= Allison Fischer =

American singer and actress

Allison Fischer (born October 19, 1988) is an American singer and actress.

== Life and career ==
Originally from northern New Jersey, Fischer had her first professional performance in the Off-Broadway musical King Island Christmas in 2000. Also in 2000, Fischer performed on Broadway at Madison Square Garden as Grace Smythe in A Christmas Carol, alongside Frank Langella and Tim Curry.

She played Lady Jane in the Off-Broadway musical version of The Prince and the Pauper from 2002 to 2003, and briefly performed at Playwrights Horizon in January 2003 in Jeanine Tesori's musical, Violet.

In 2004 she was an understudy in the off-Broadway show Children's Letters to God. The musical opened at the Lamb's Theatre on June 30, 2004, and closed on January 2, 2005.

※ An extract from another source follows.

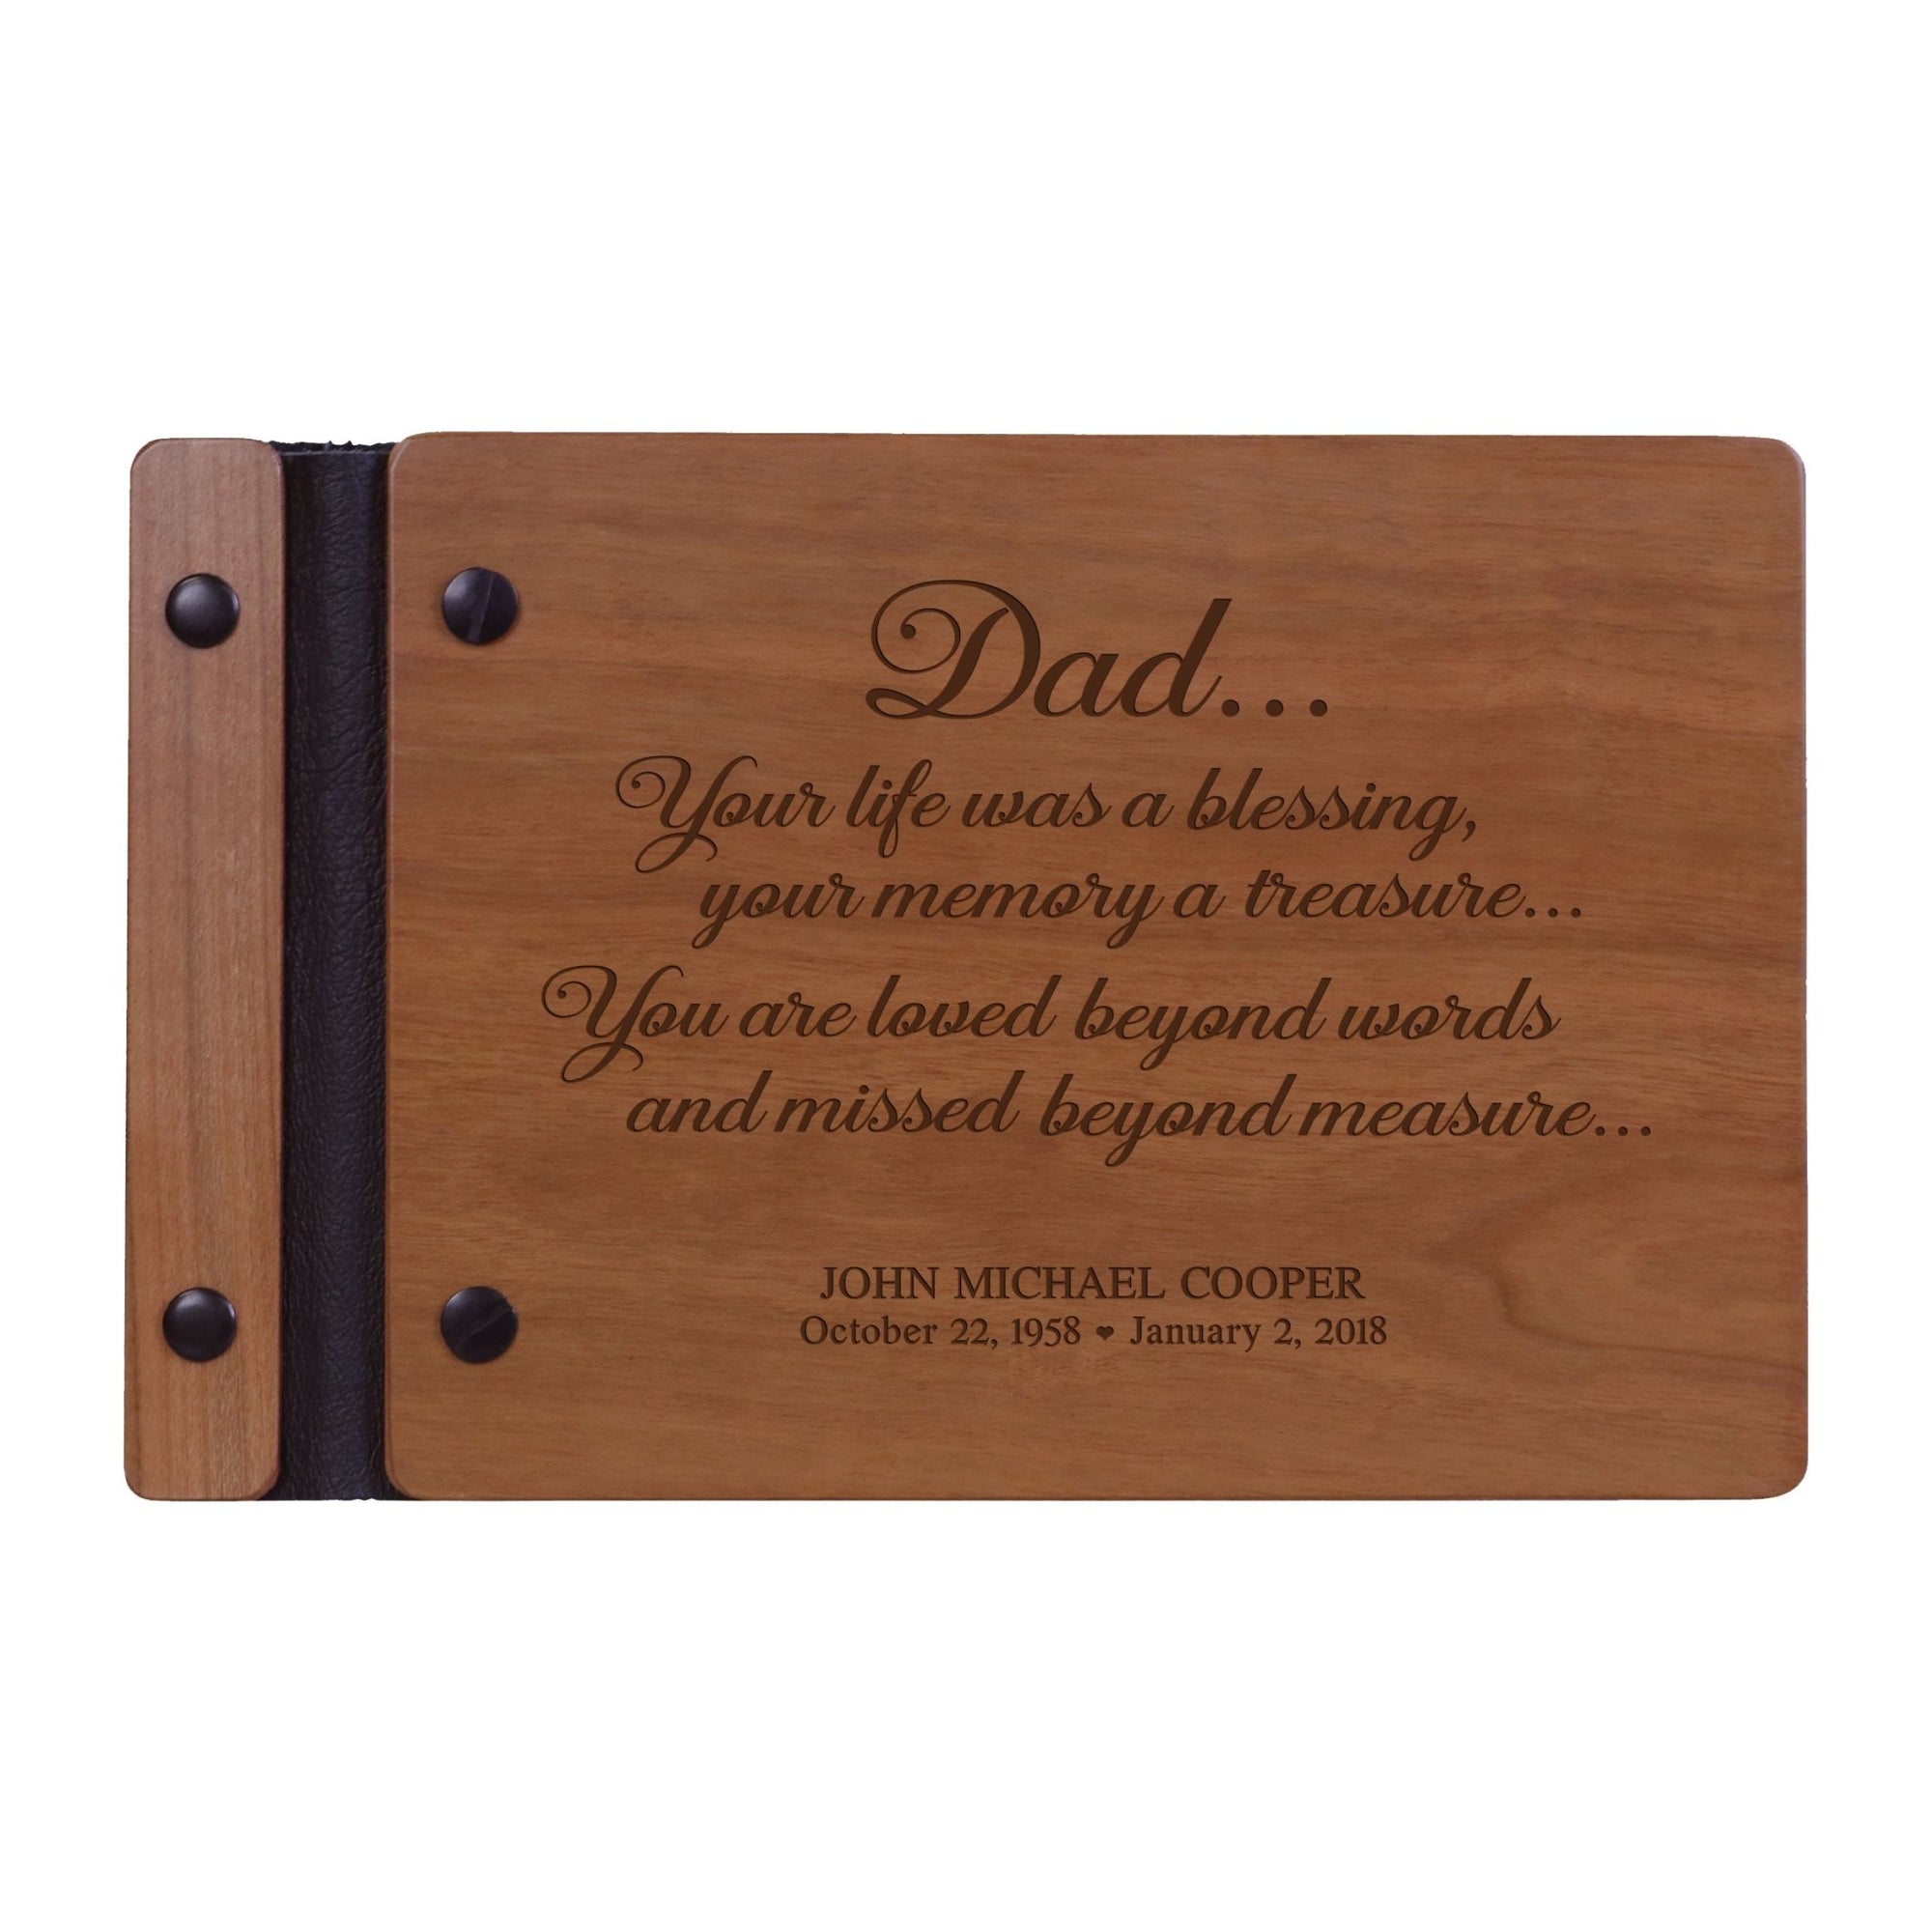 Personalized Memorial Guest Book - Dad - LifeSong Milestones

In 2006 Fischer starred in the musical Lestat, playing Claudia in the Elton John and Bernie Taupin musical. The musical was a flop, only running on Broadway from April 25 to May 28. Fischer went on to play the role of Patty Simcox in the 2007 revival of Grease at the Brooks Atkinson Theatre. She performed from its opening on August 19, 2007, until it closed on January 4, 2009. Fischer also played Patty Simcox in the Broadway National Tour of Grease. Since then Fischer has been part of Yale's Musical Theatre Festival with the new musical "The Profit of Creation," sang back-up for Florence and The Machine, and was a part of several upcoming indie films.

On television, Allison Fischer played the role of Megan on the now defunct soap opera, Guiding Light.